**ACTIVITY**.
For this task, output exactly the lines of the material below starting at the line with "PIPVIEW analysis on a mobile phone" and ending at the line with "MQ 1602 - Off"; pictures are to be excluded.

**INPUT**.

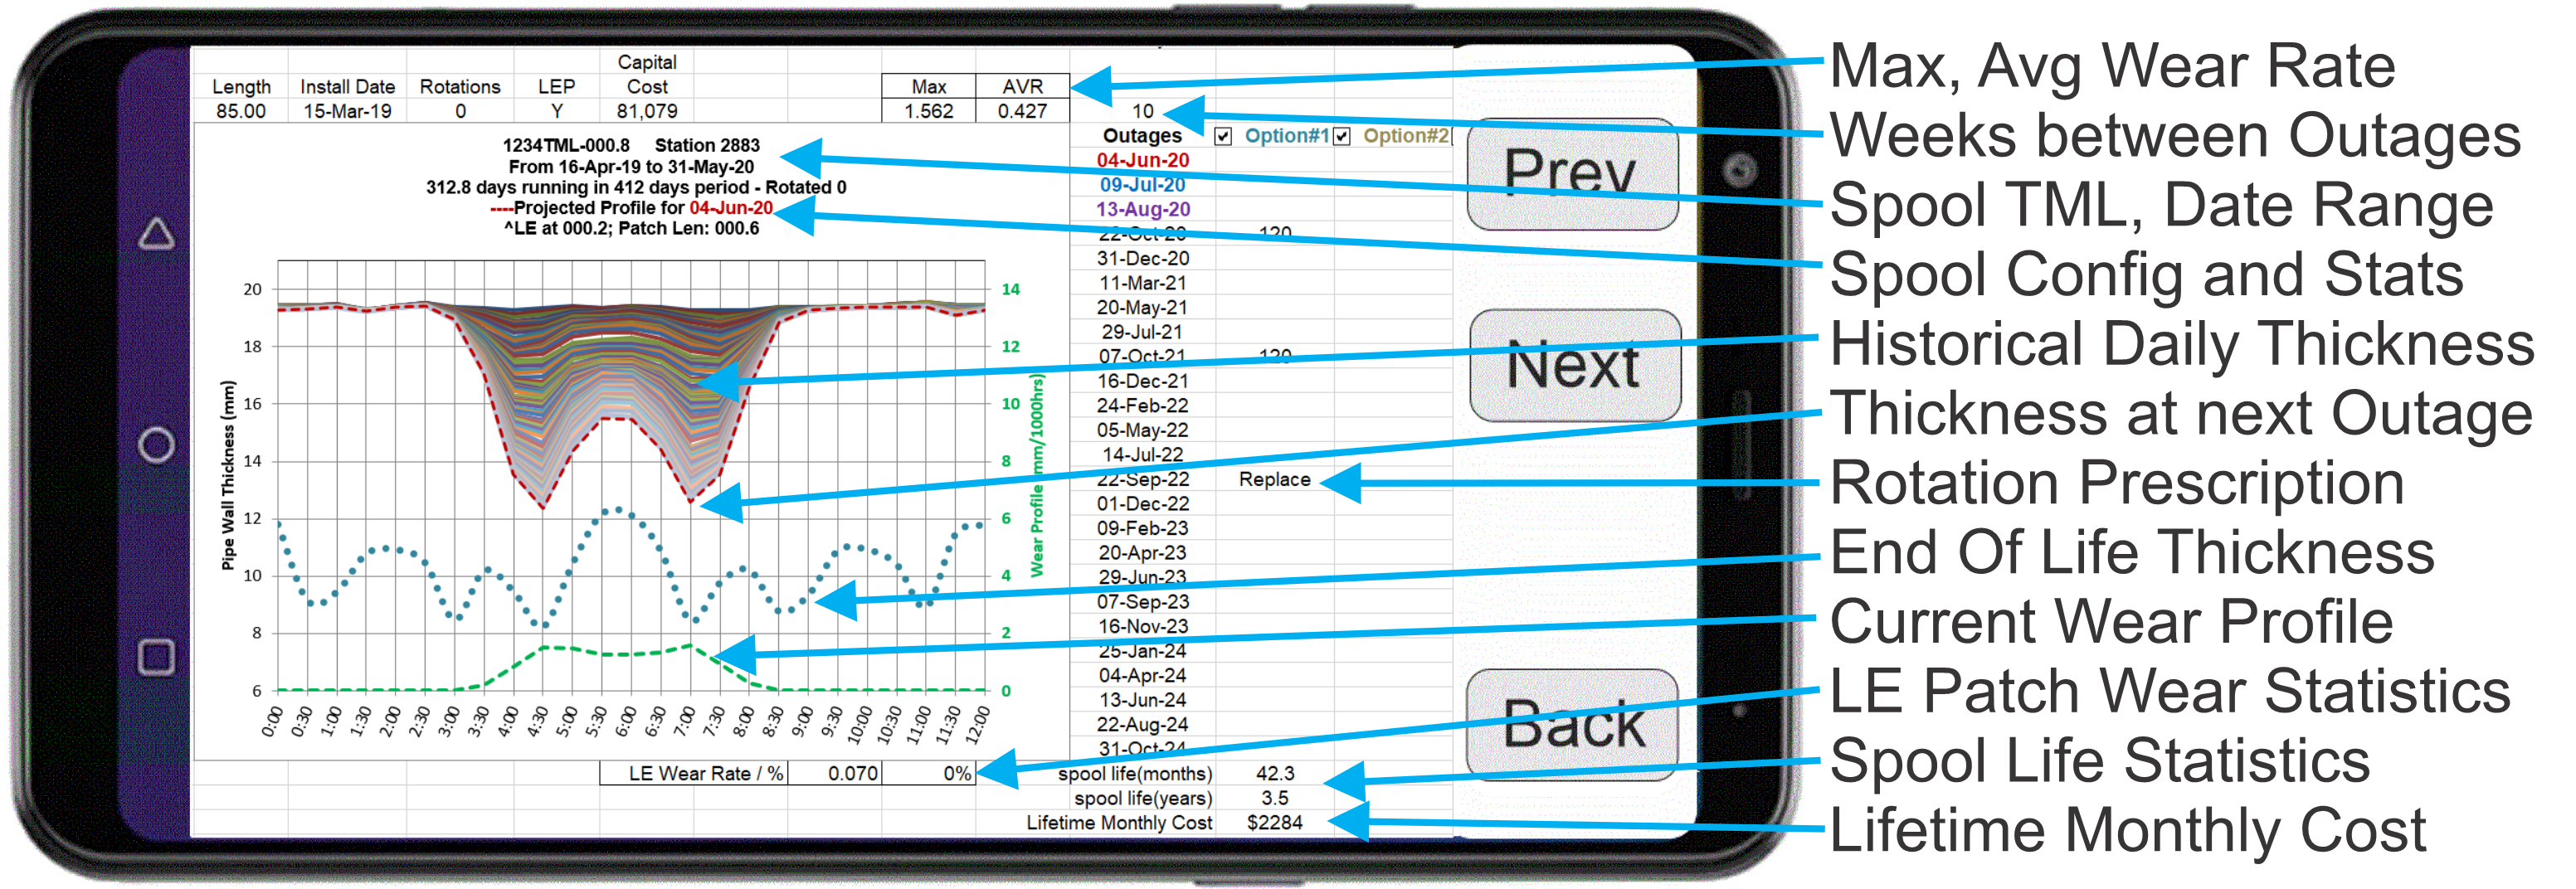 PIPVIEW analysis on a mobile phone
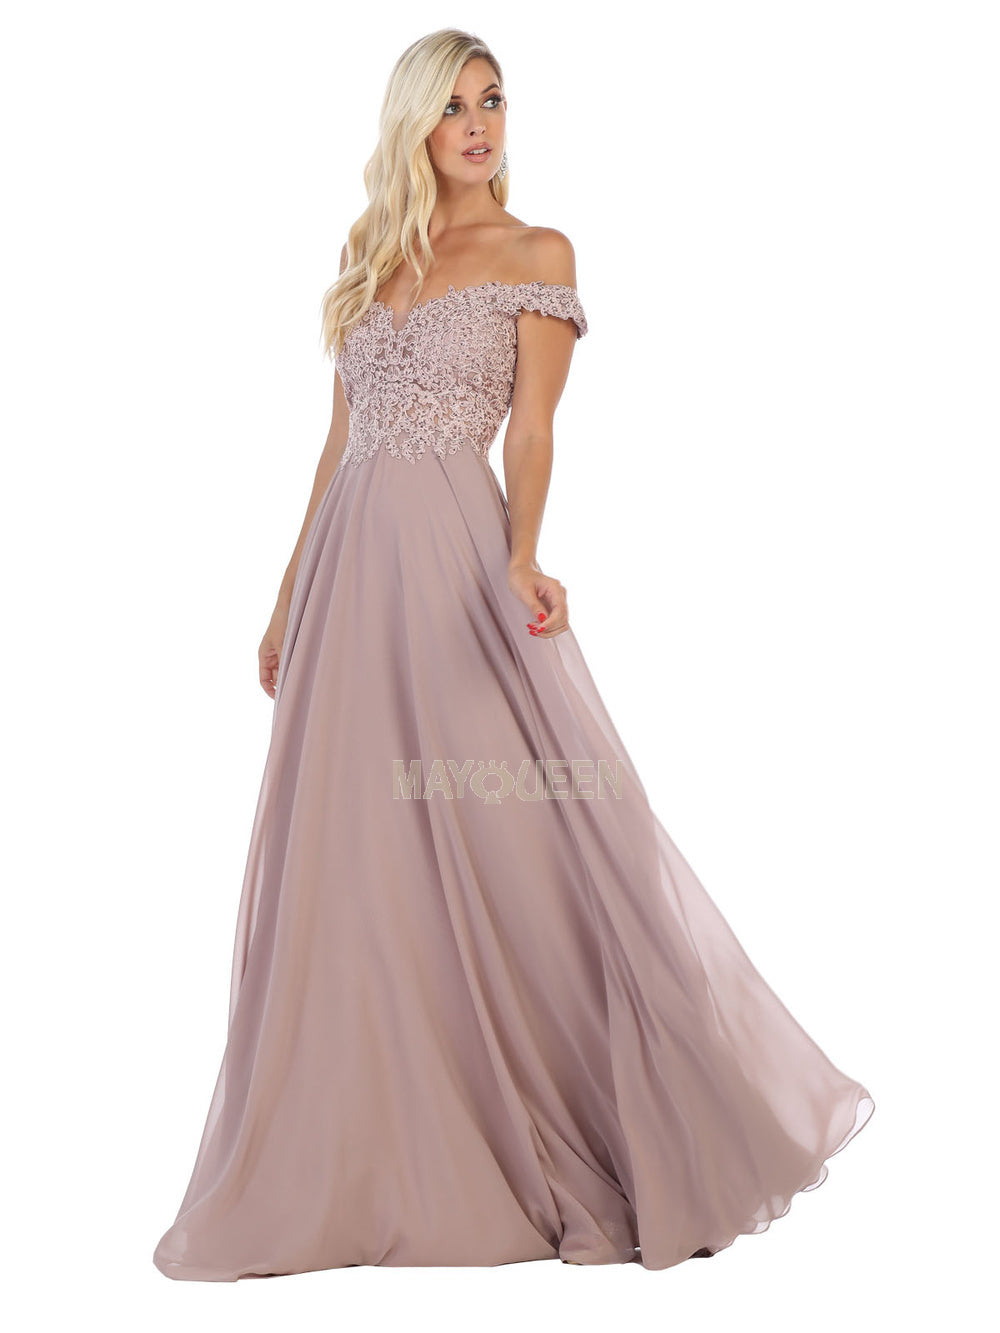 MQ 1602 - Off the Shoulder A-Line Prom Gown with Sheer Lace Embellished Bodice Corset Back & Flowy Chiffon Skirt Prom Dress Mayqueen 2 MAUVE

==

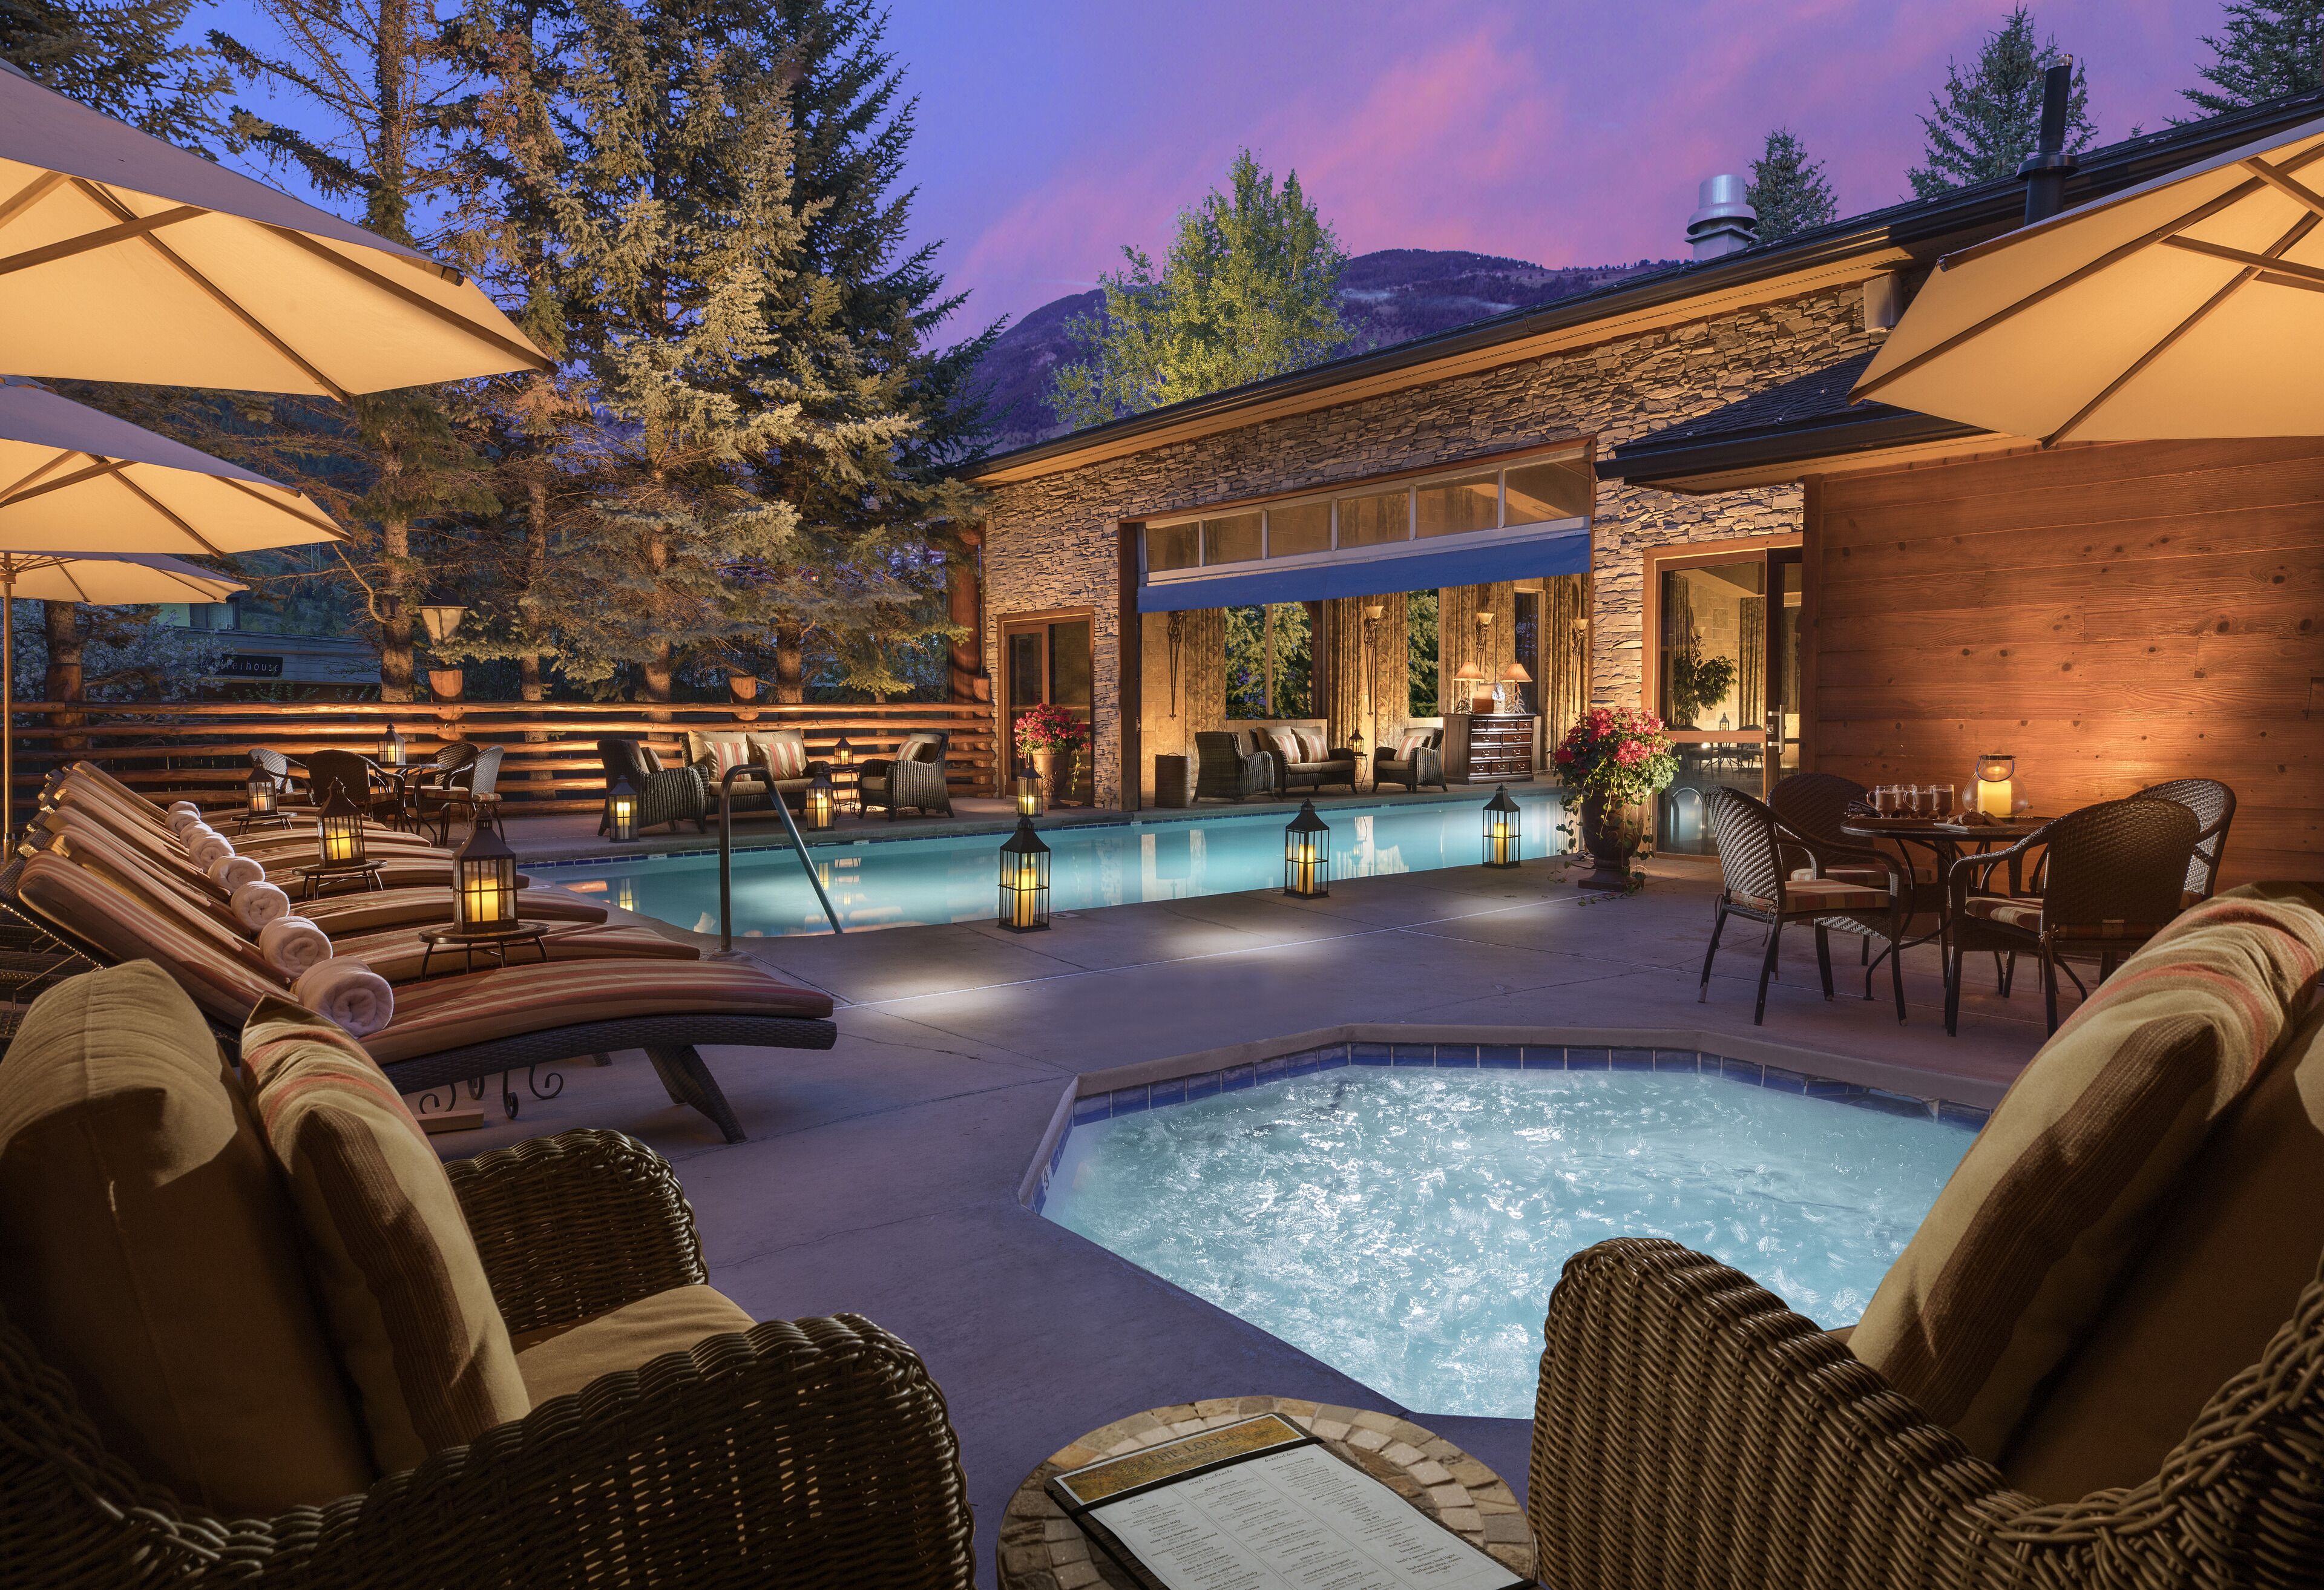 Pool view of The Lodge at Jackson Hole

**RESPONSE**.
 PIPVIEW analysis on a mobile phone
 MQ 1602 - Off the Shoulder A-Line Prom Gown with Sheer Lace Embellished Bodice Corset Back & Flowy Chiffon Skirt Prom Dress Mayqueen 2 MAUVE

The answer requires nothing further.